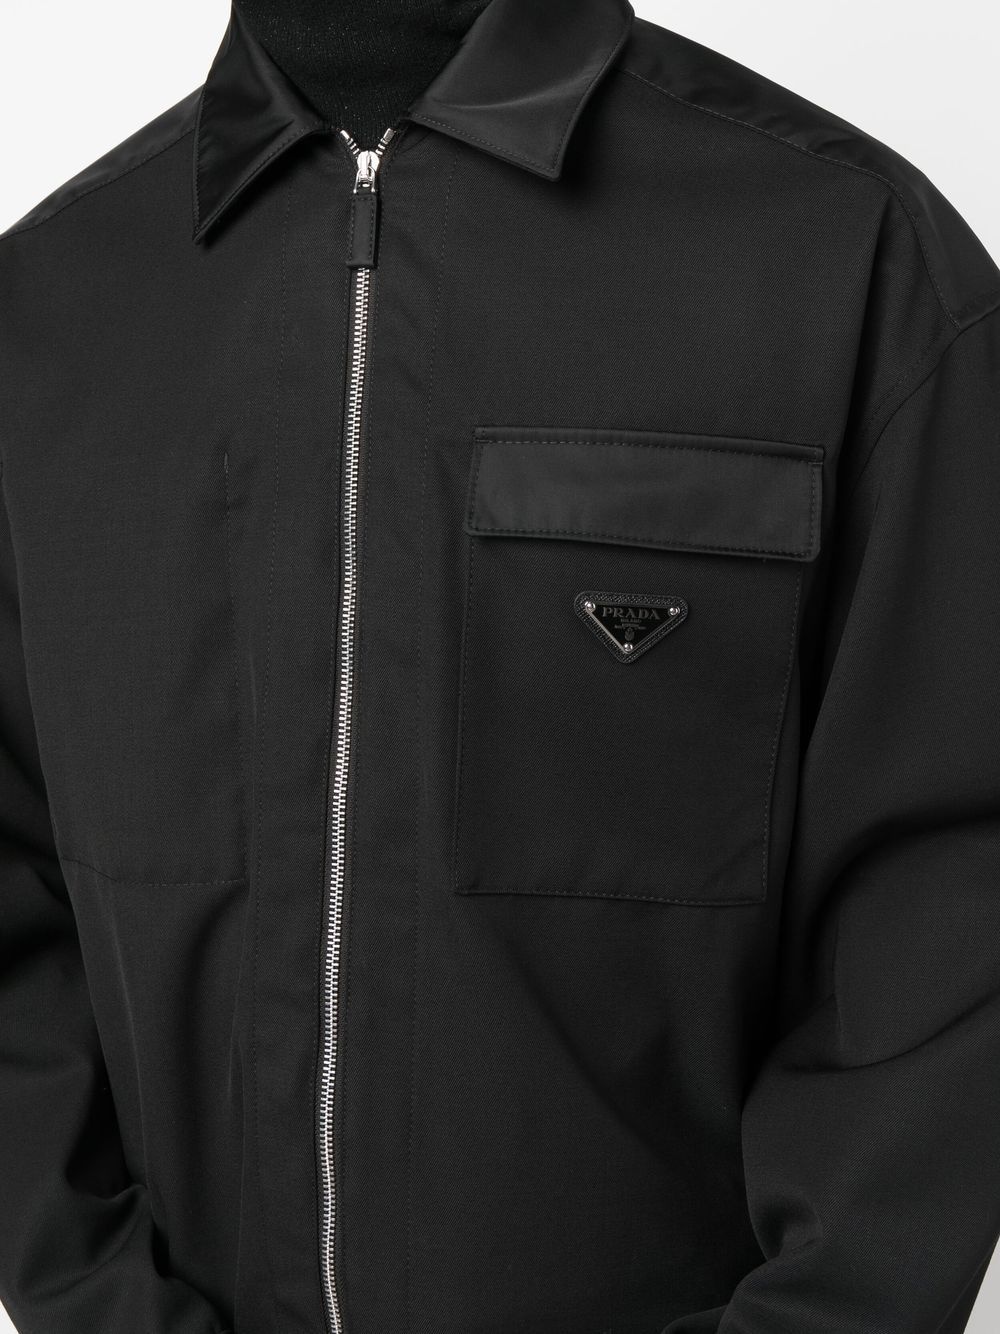 Prada Recycled Nylon Press-Stud Jacket - Black
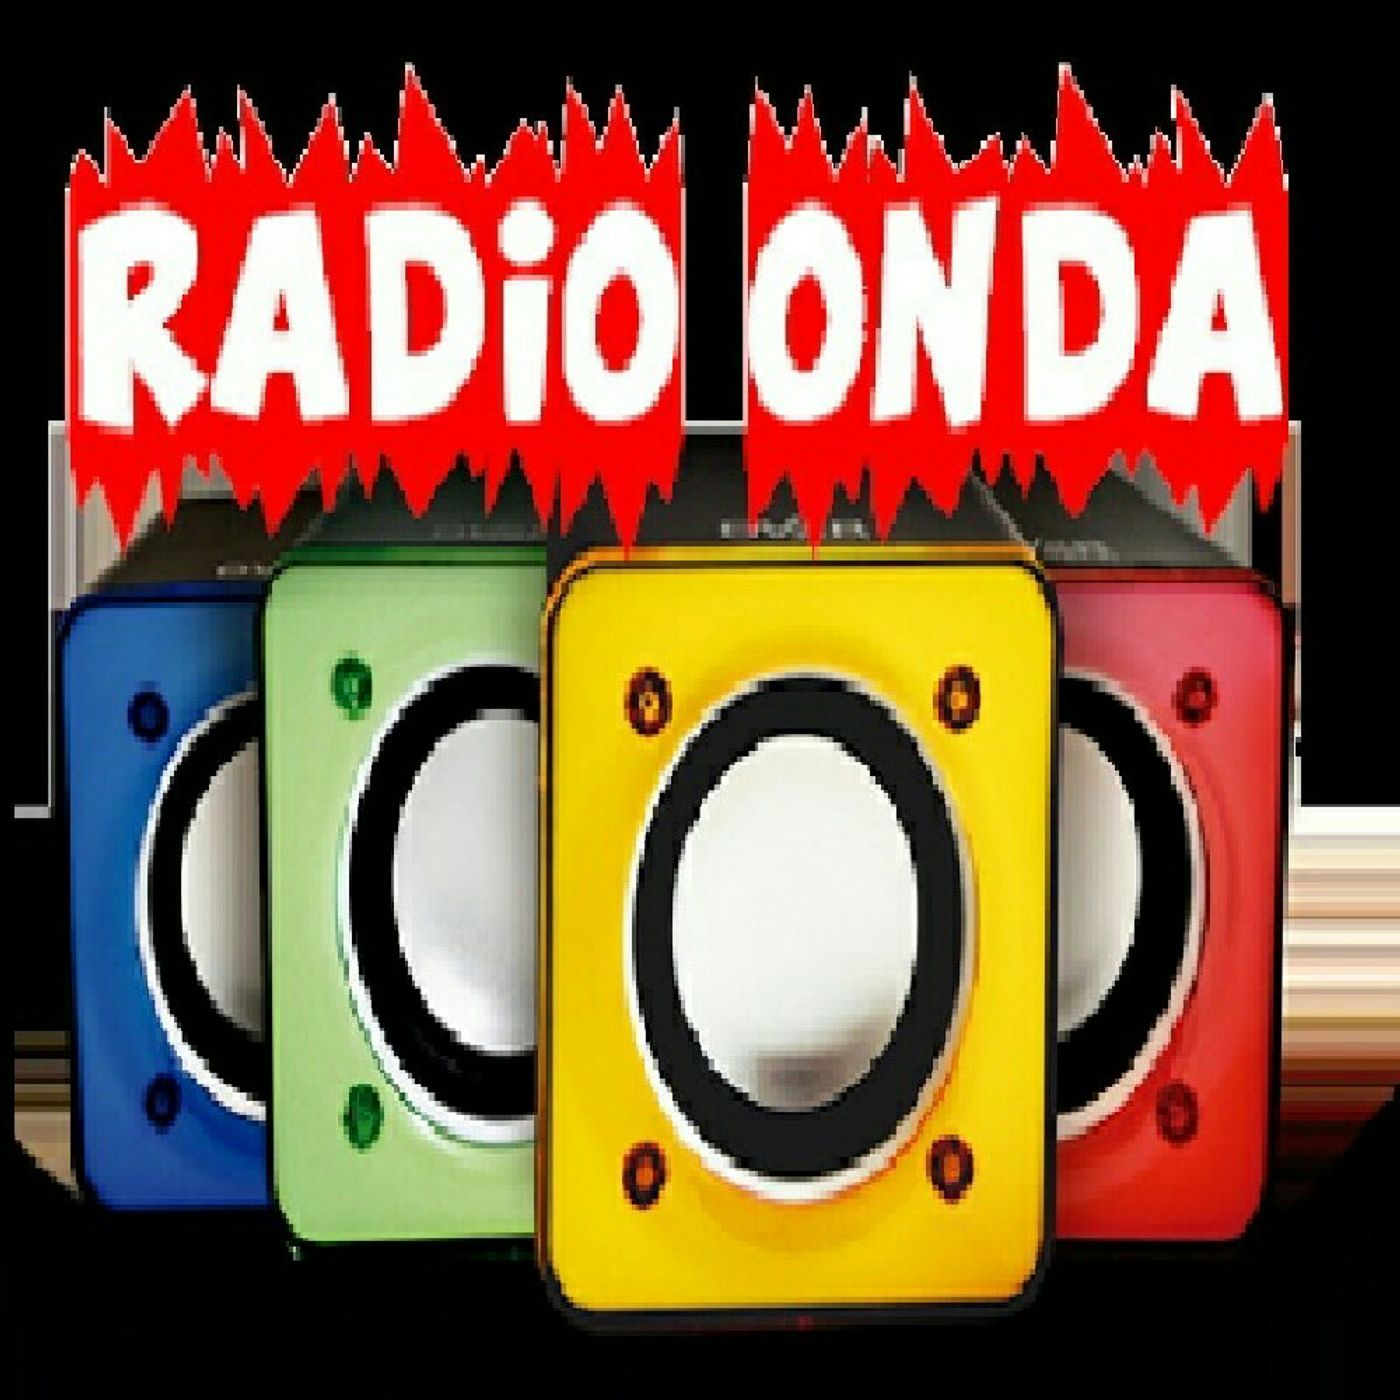 RADIO ONDA
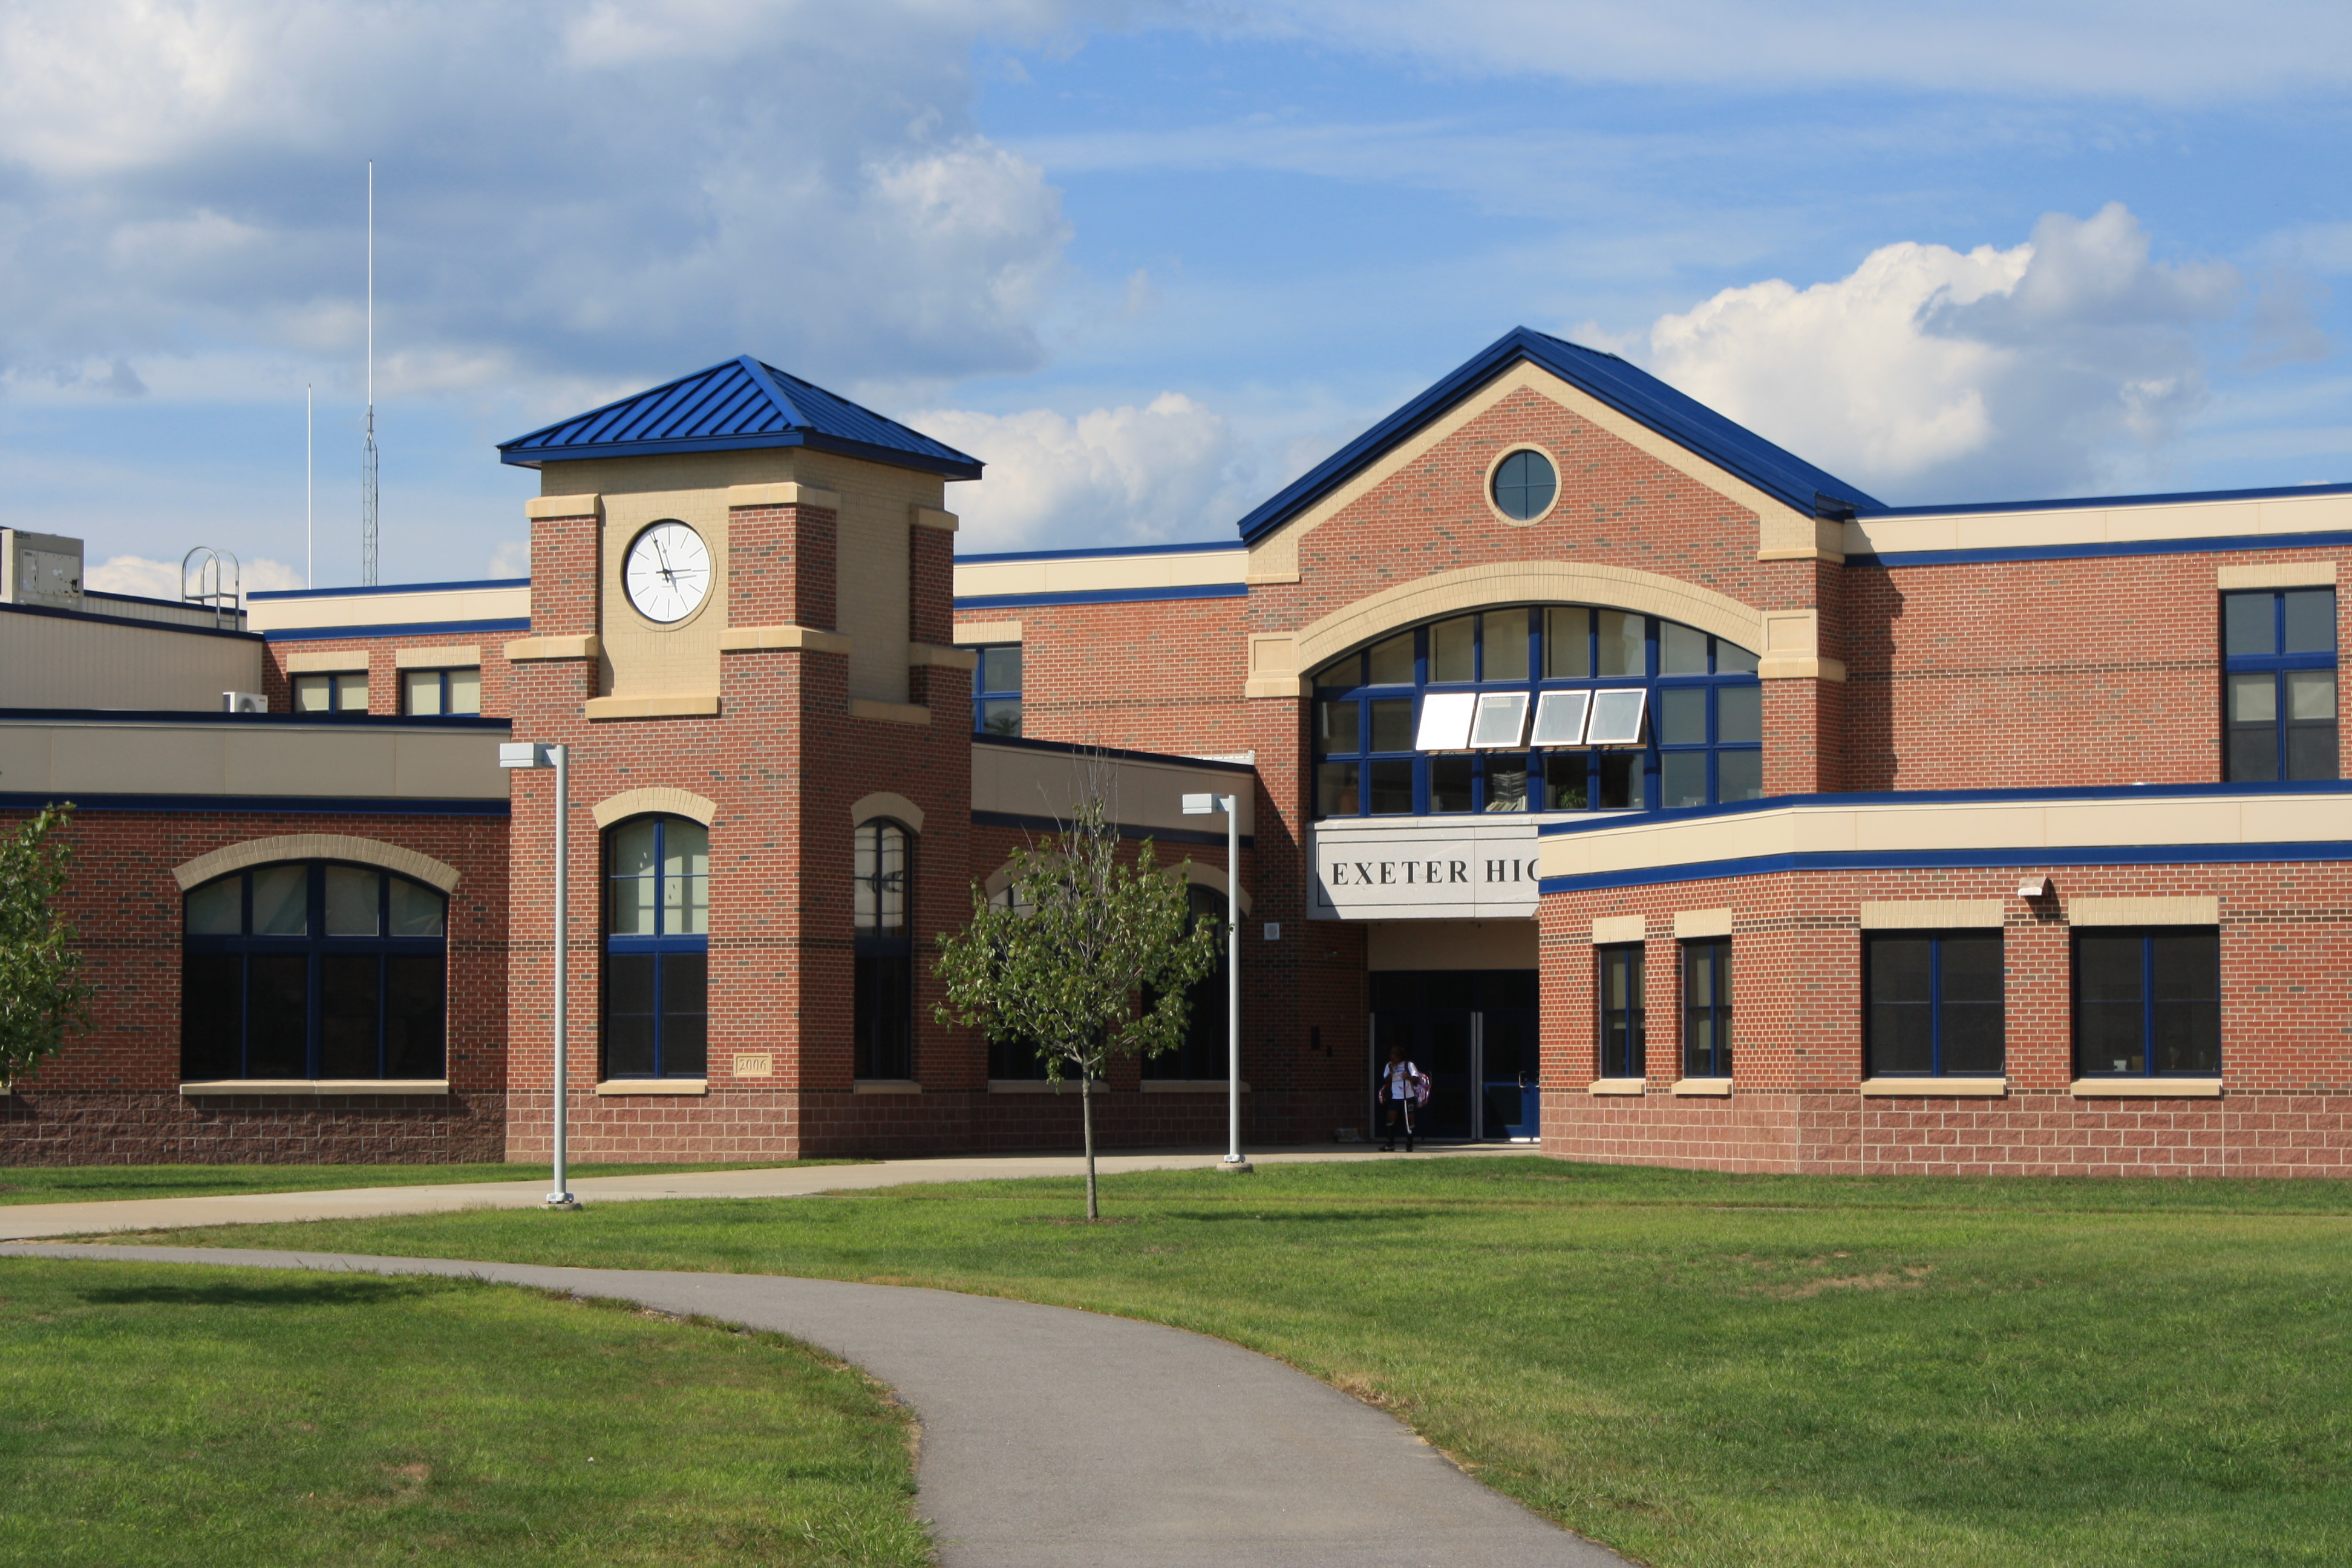 FileExeter High School (New Hampshire).jpg Wikipedia, the free

————————

TASK DETAILS. Apart from the images, print all the material above exactly as given.

COMPLETED EXERCISE.
 Prada Recycled Nylon Press-Stud Jacket - Black
 RADIO ONDA
 FileExeter High School (New Hampshire).jpg Wikipedia, the free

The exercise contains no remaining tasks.